**WHAT TO DO**
Set down the data again word for word. Skip any pictures.

**RECORDED INFORMATION**
####
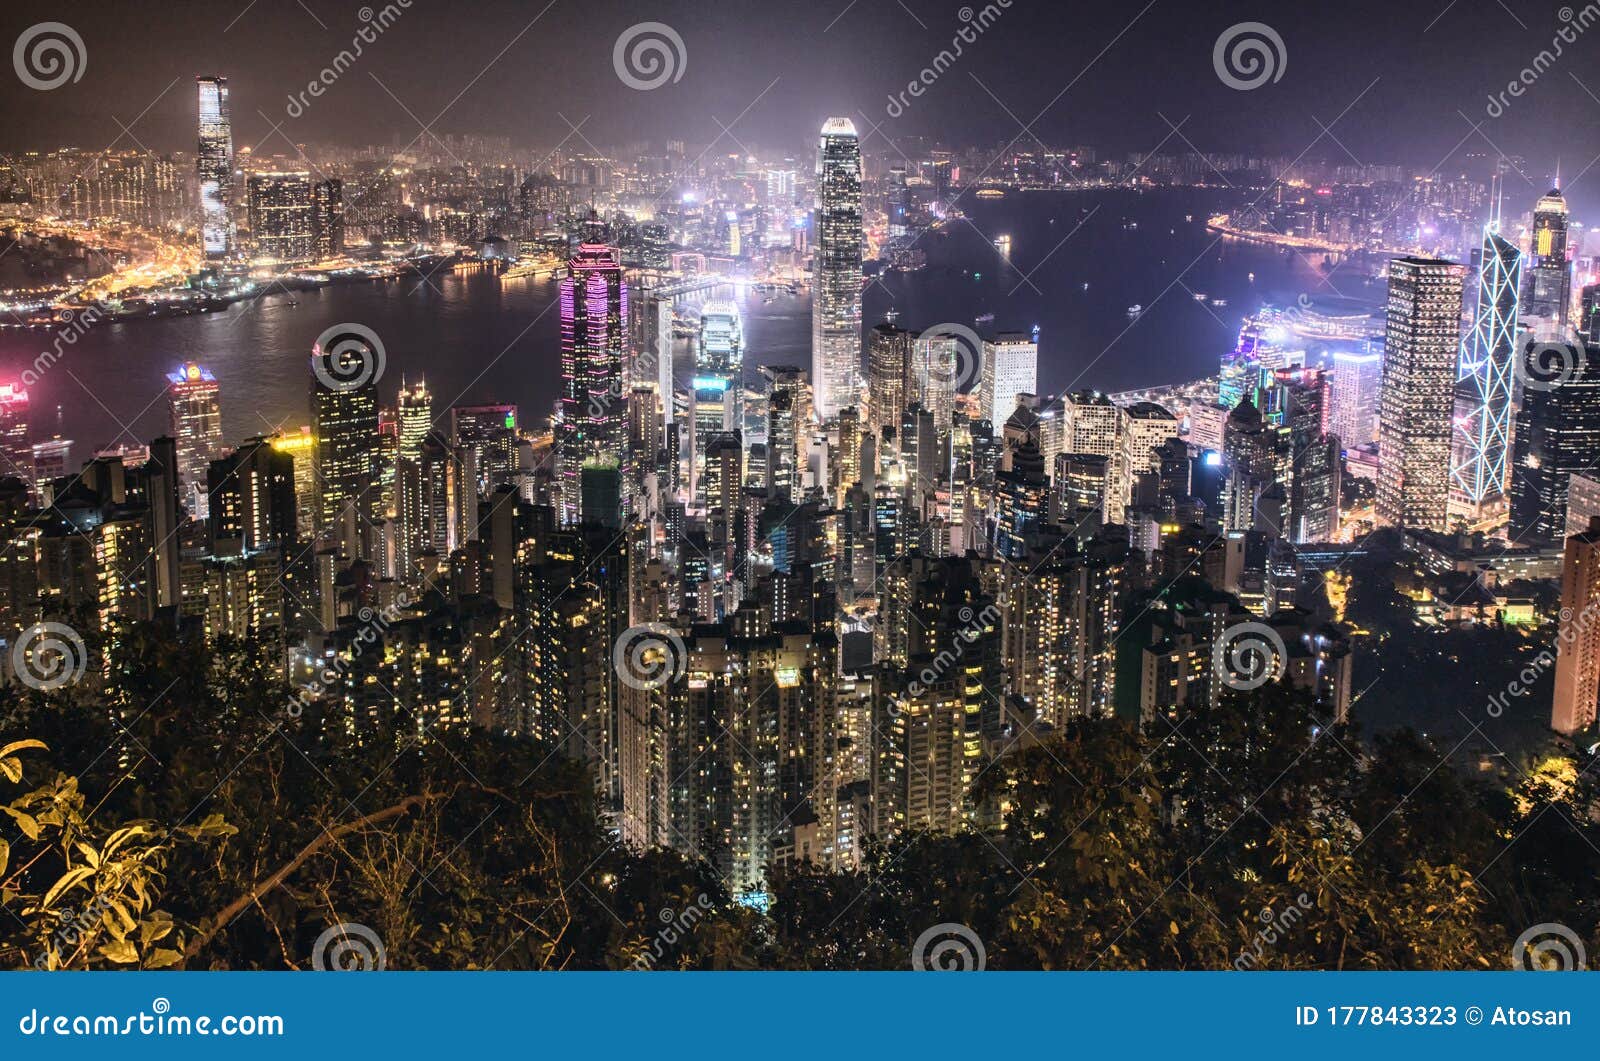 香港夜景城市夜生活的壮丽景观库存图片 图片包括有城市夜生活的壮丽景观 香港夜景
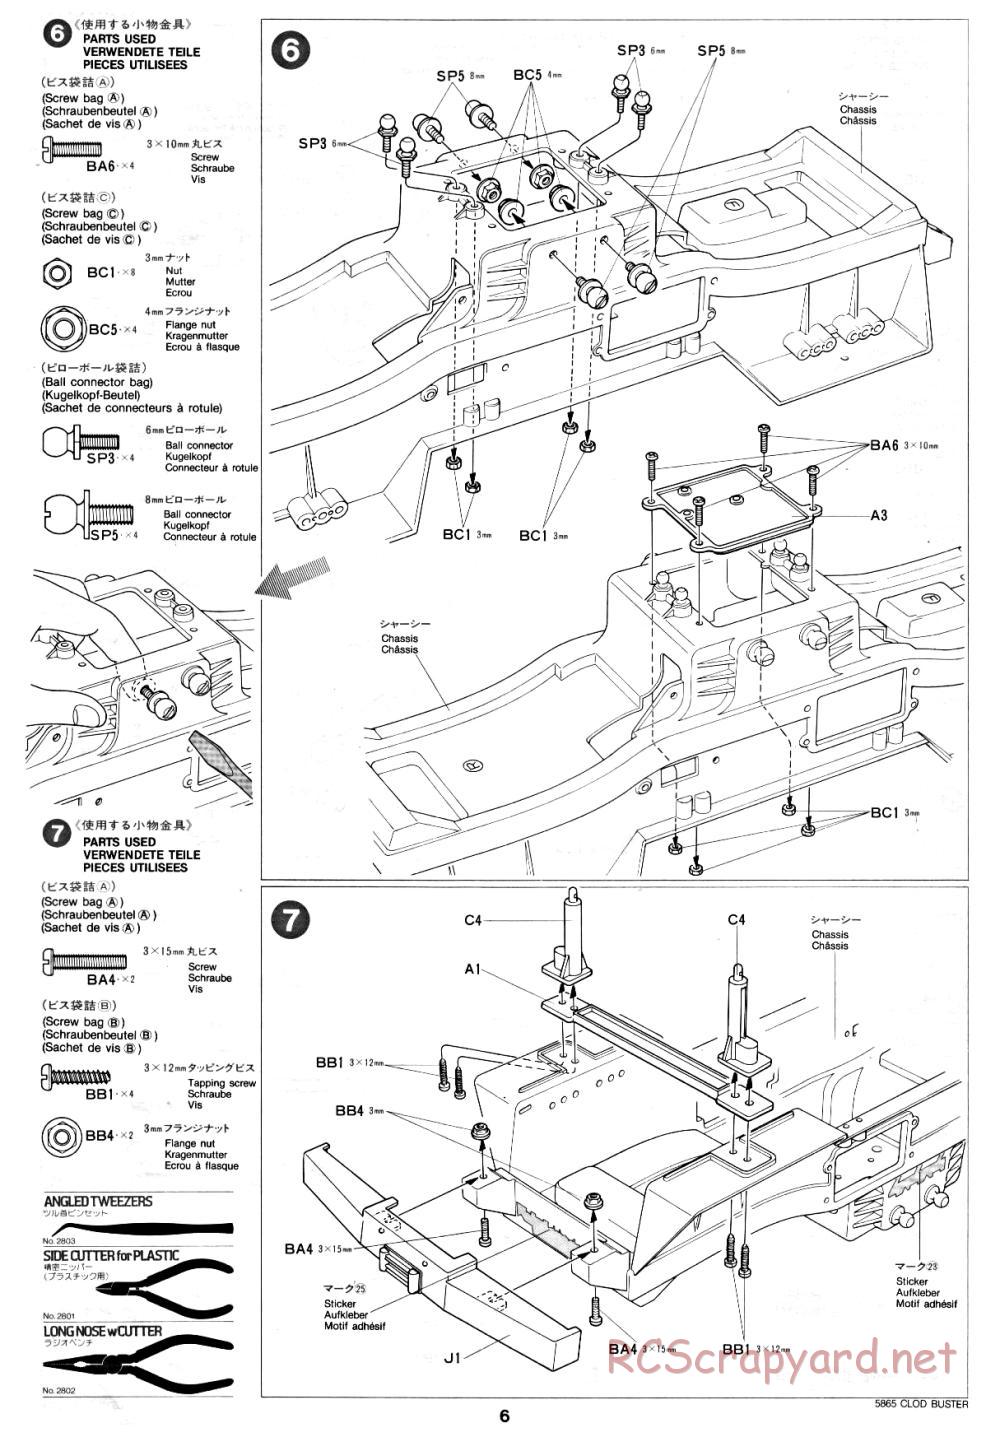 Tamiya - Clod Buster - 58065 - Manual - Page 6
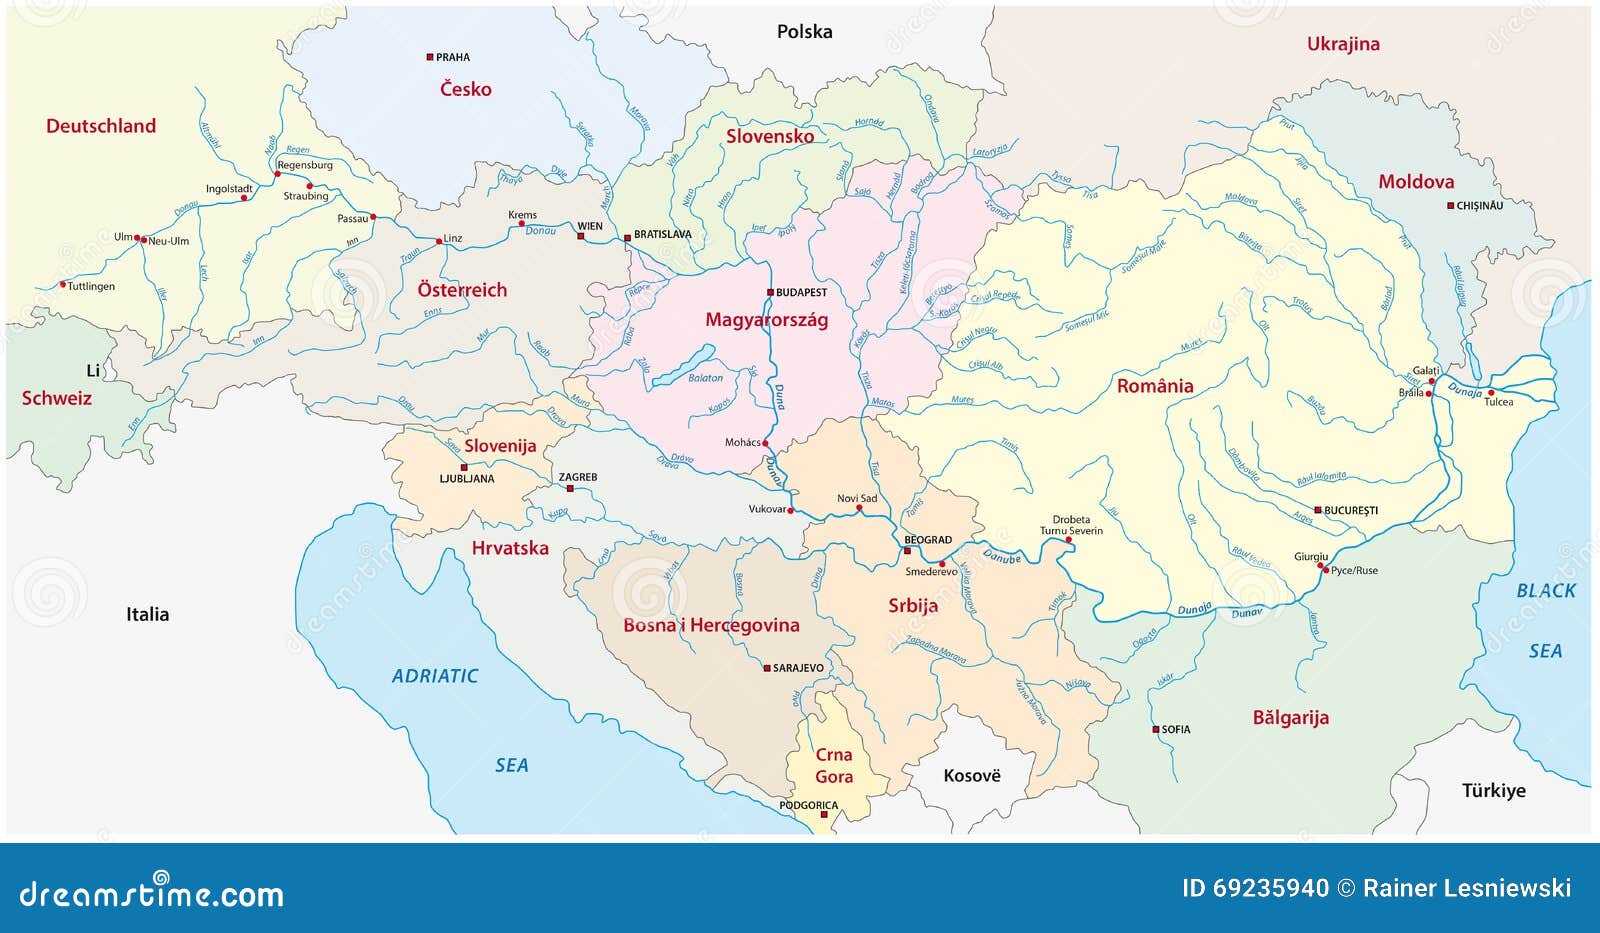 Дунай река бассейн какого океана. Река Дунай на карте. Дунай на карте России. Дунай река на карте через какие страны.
####
**SOLUTION**
 香港夜景城市夜生活的壮丽景观库存图片 图片包括有城市夜生活的壮丽景观 香港夜景
 Tamiya - Clod Buster - 58065 - Manual - Page 6
 Дунай река бассейн какого океана. Река Дунай на карте. Дунай на карте России. Дунай река на карте через какие страны.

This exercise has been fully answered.